__Input for this task__
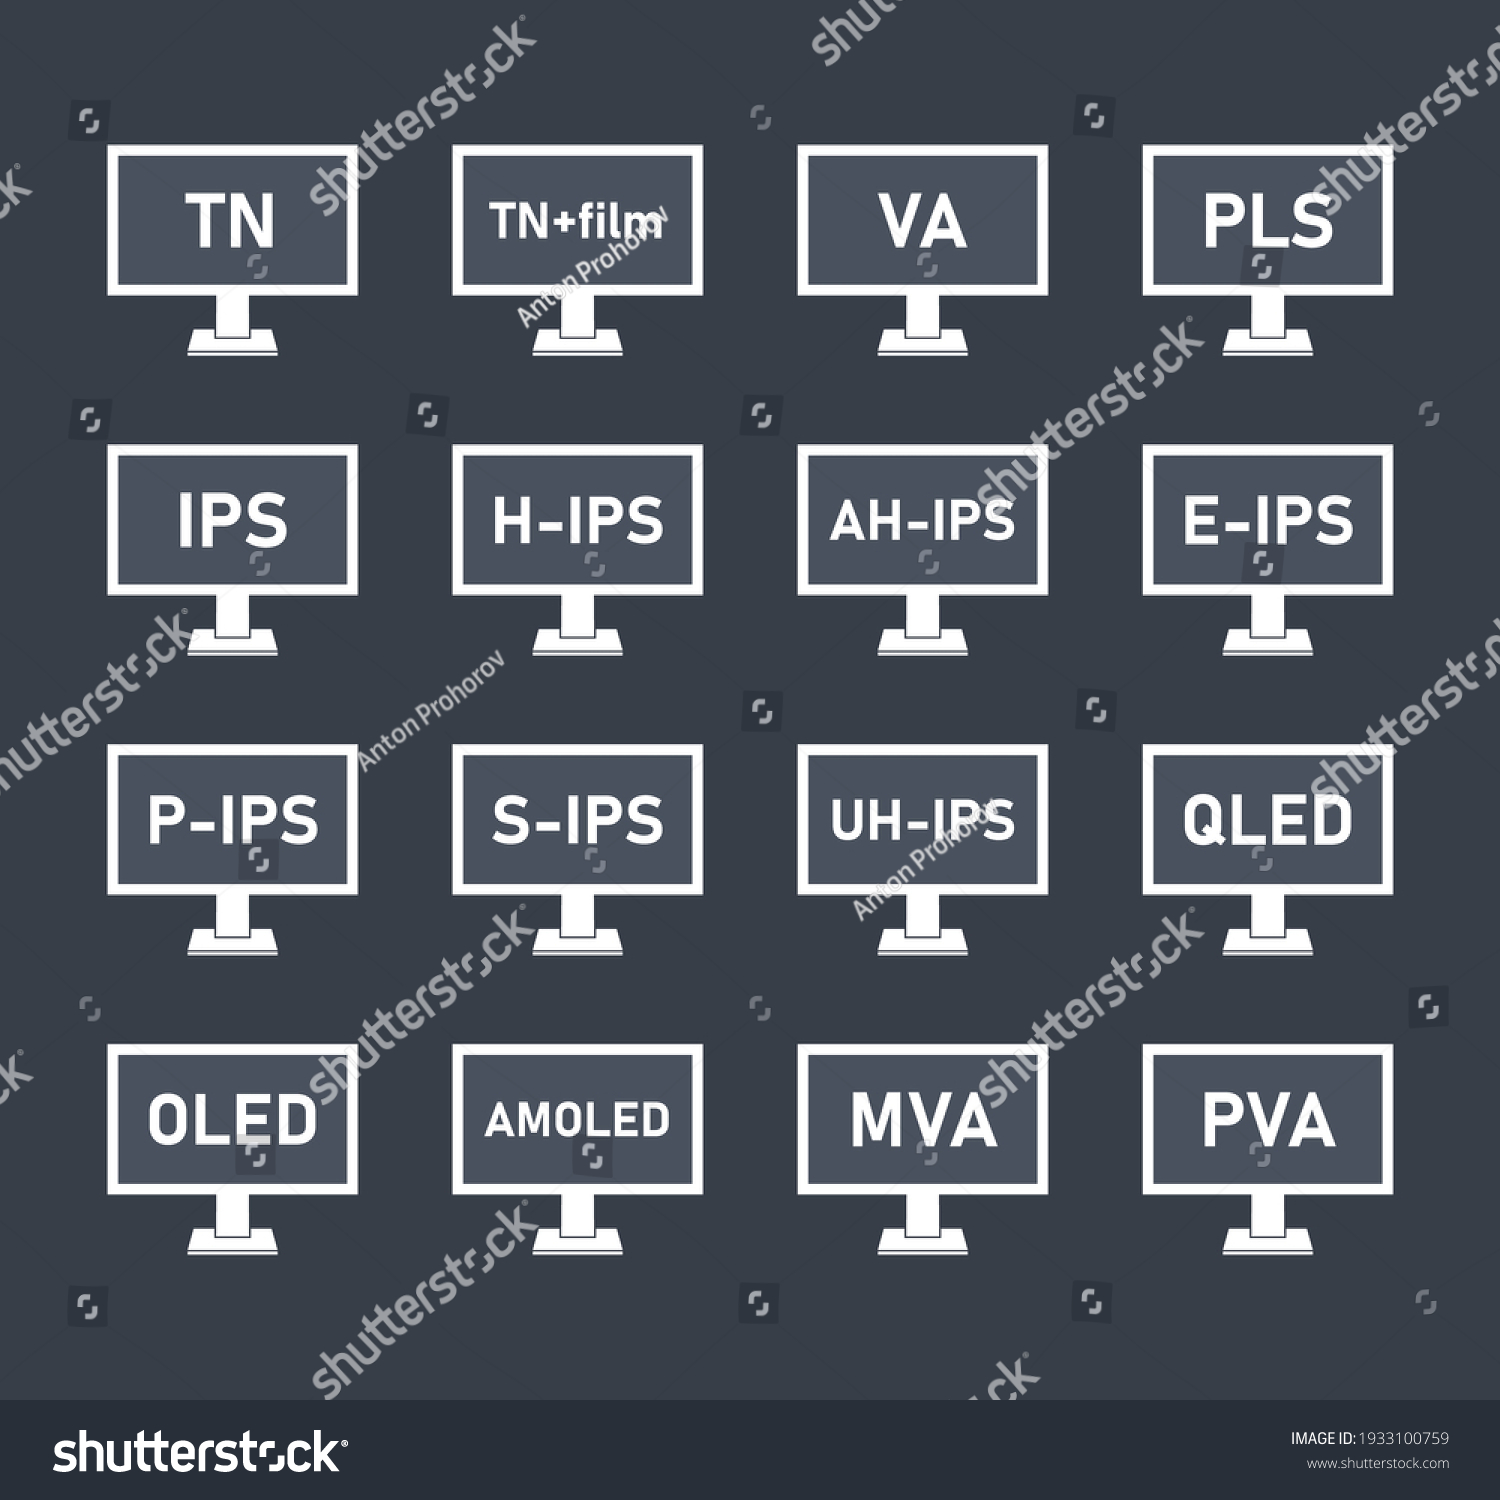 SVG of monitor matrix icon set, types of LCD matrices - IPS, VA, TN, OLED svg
--
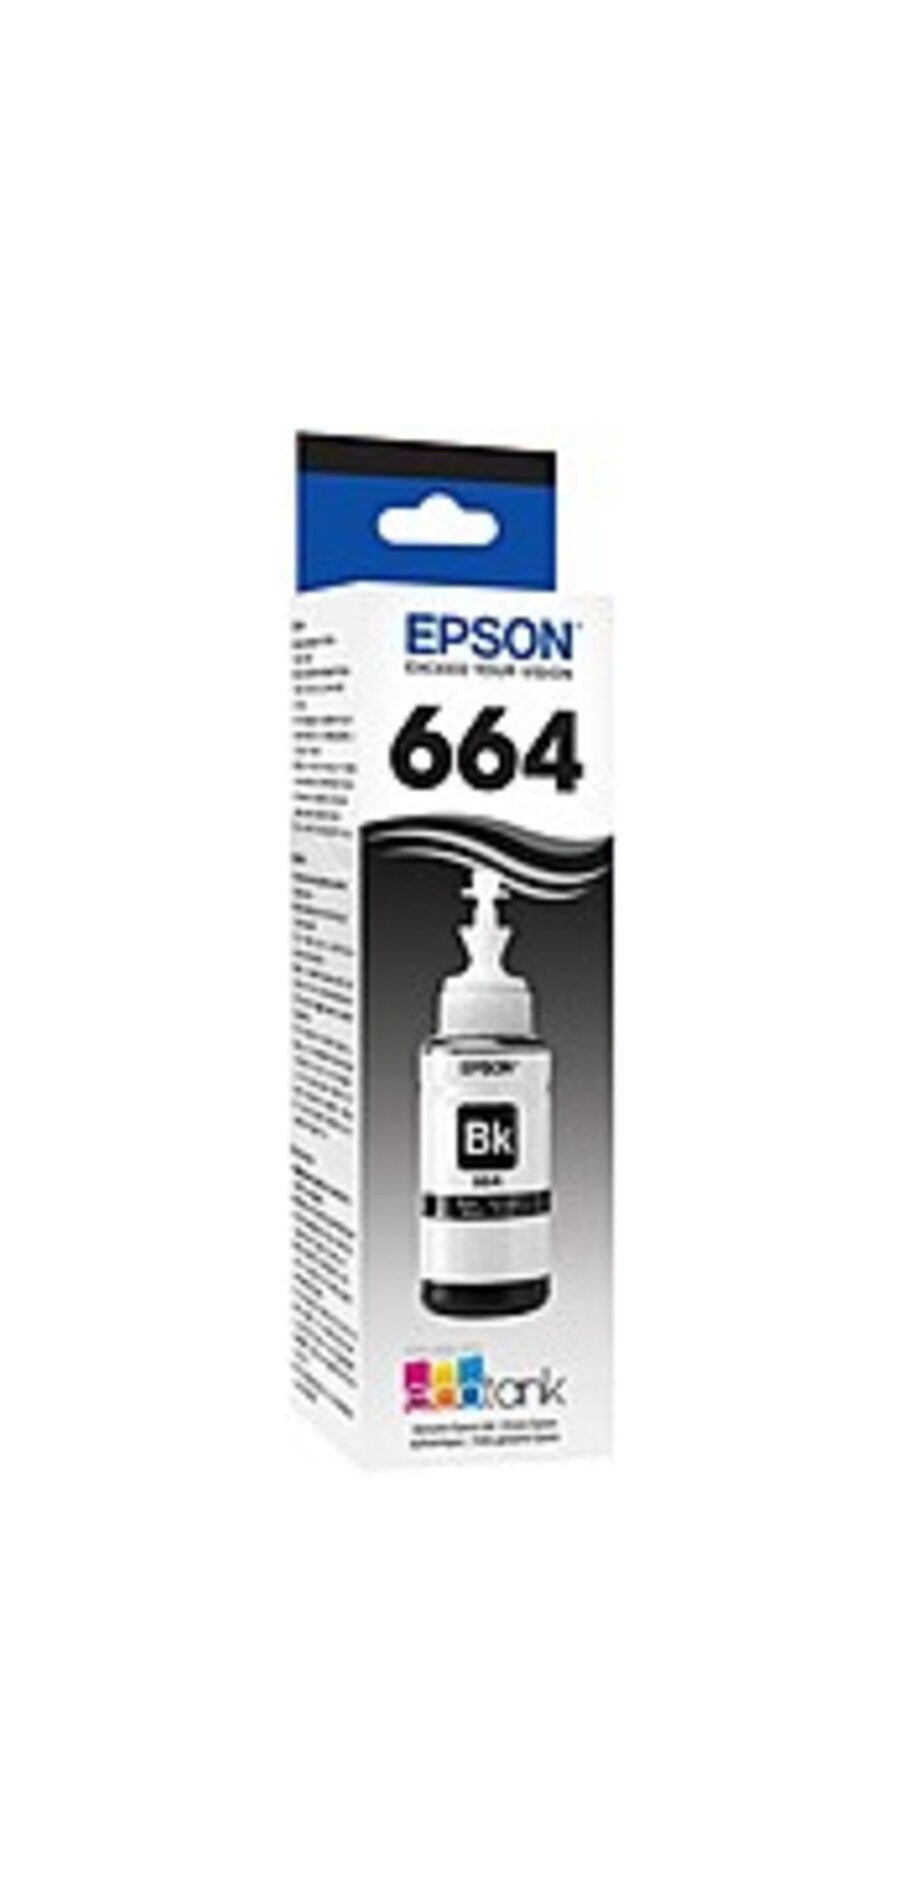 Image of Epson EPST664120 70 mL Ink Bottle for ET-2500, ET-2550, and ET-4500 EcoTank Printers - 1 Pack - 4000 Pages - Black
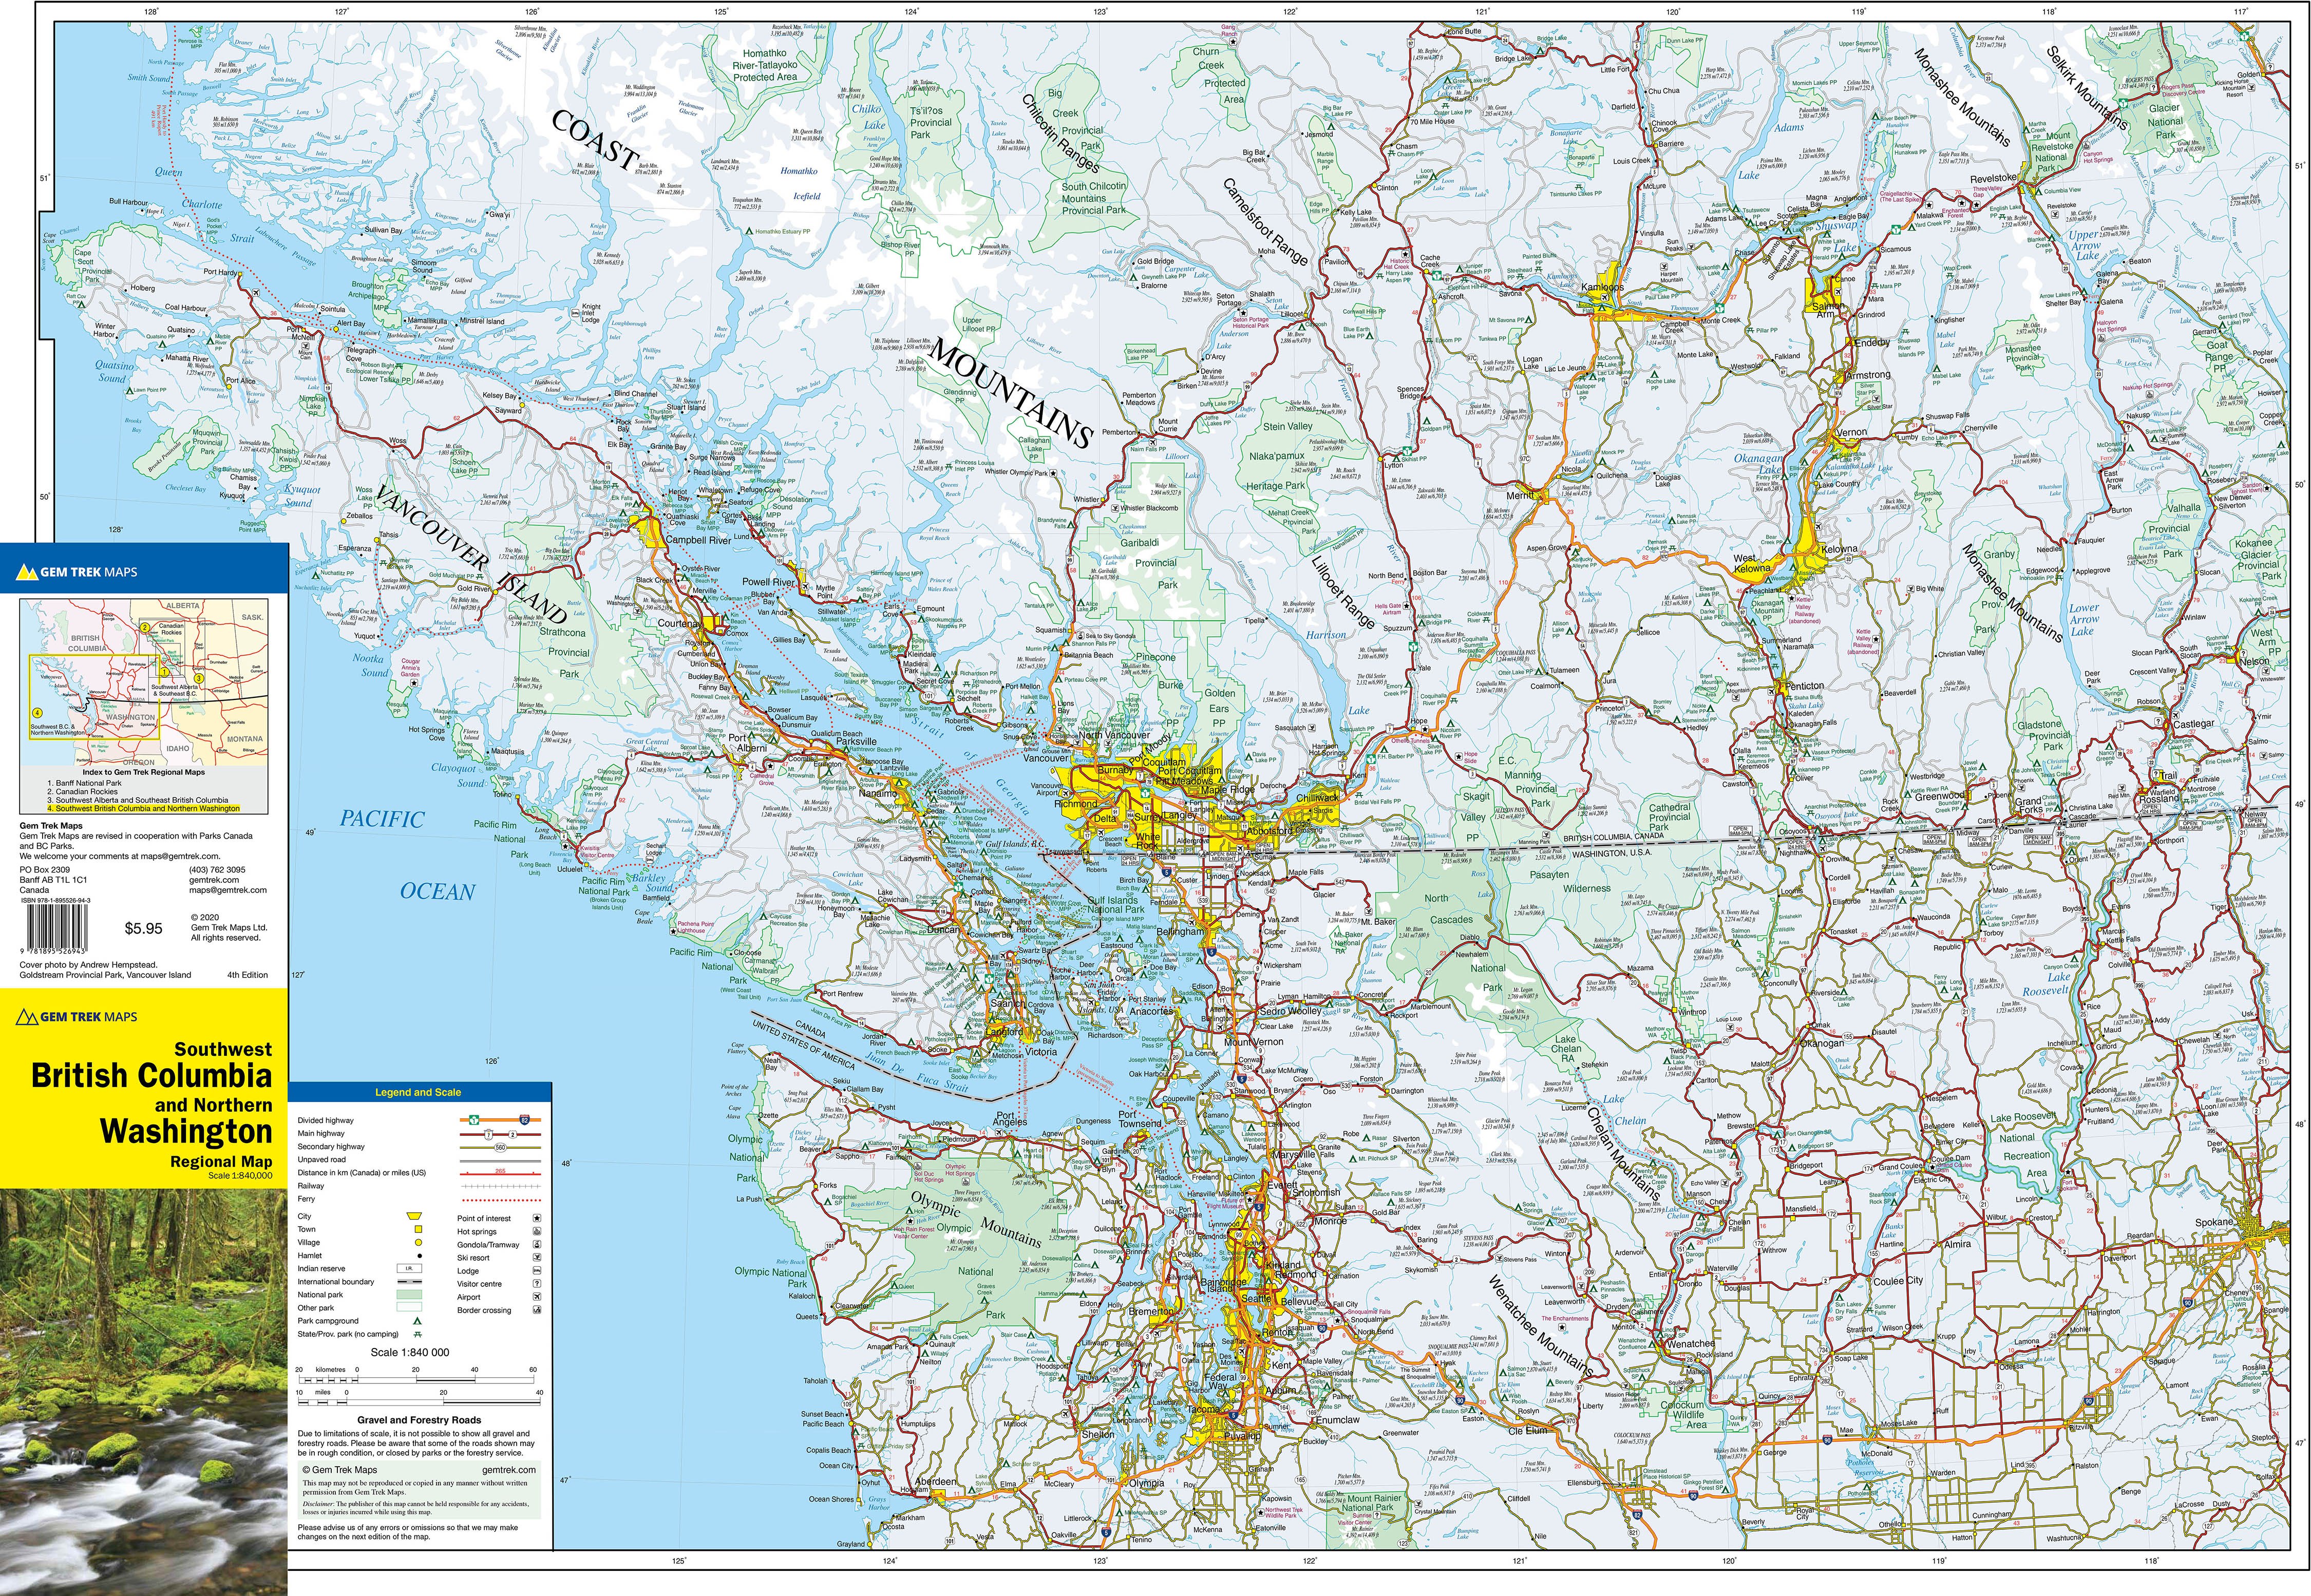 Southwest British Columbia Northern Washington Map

__Exercise directions__
Exactly as written above, retype the lines starting at the one holding "Image of Epson" and ending at the one holding "Southwest British Columbia", both included, but not the pictures.

__Answer section__
 Image of Epson EPST664120 70 mL Ink Bottle for ET-2500, ET-2550, and ET-4500 EcoTank Printers - 1 Pack - 4000 Pages - Black
 Southwest British Columbia Northern Washington Map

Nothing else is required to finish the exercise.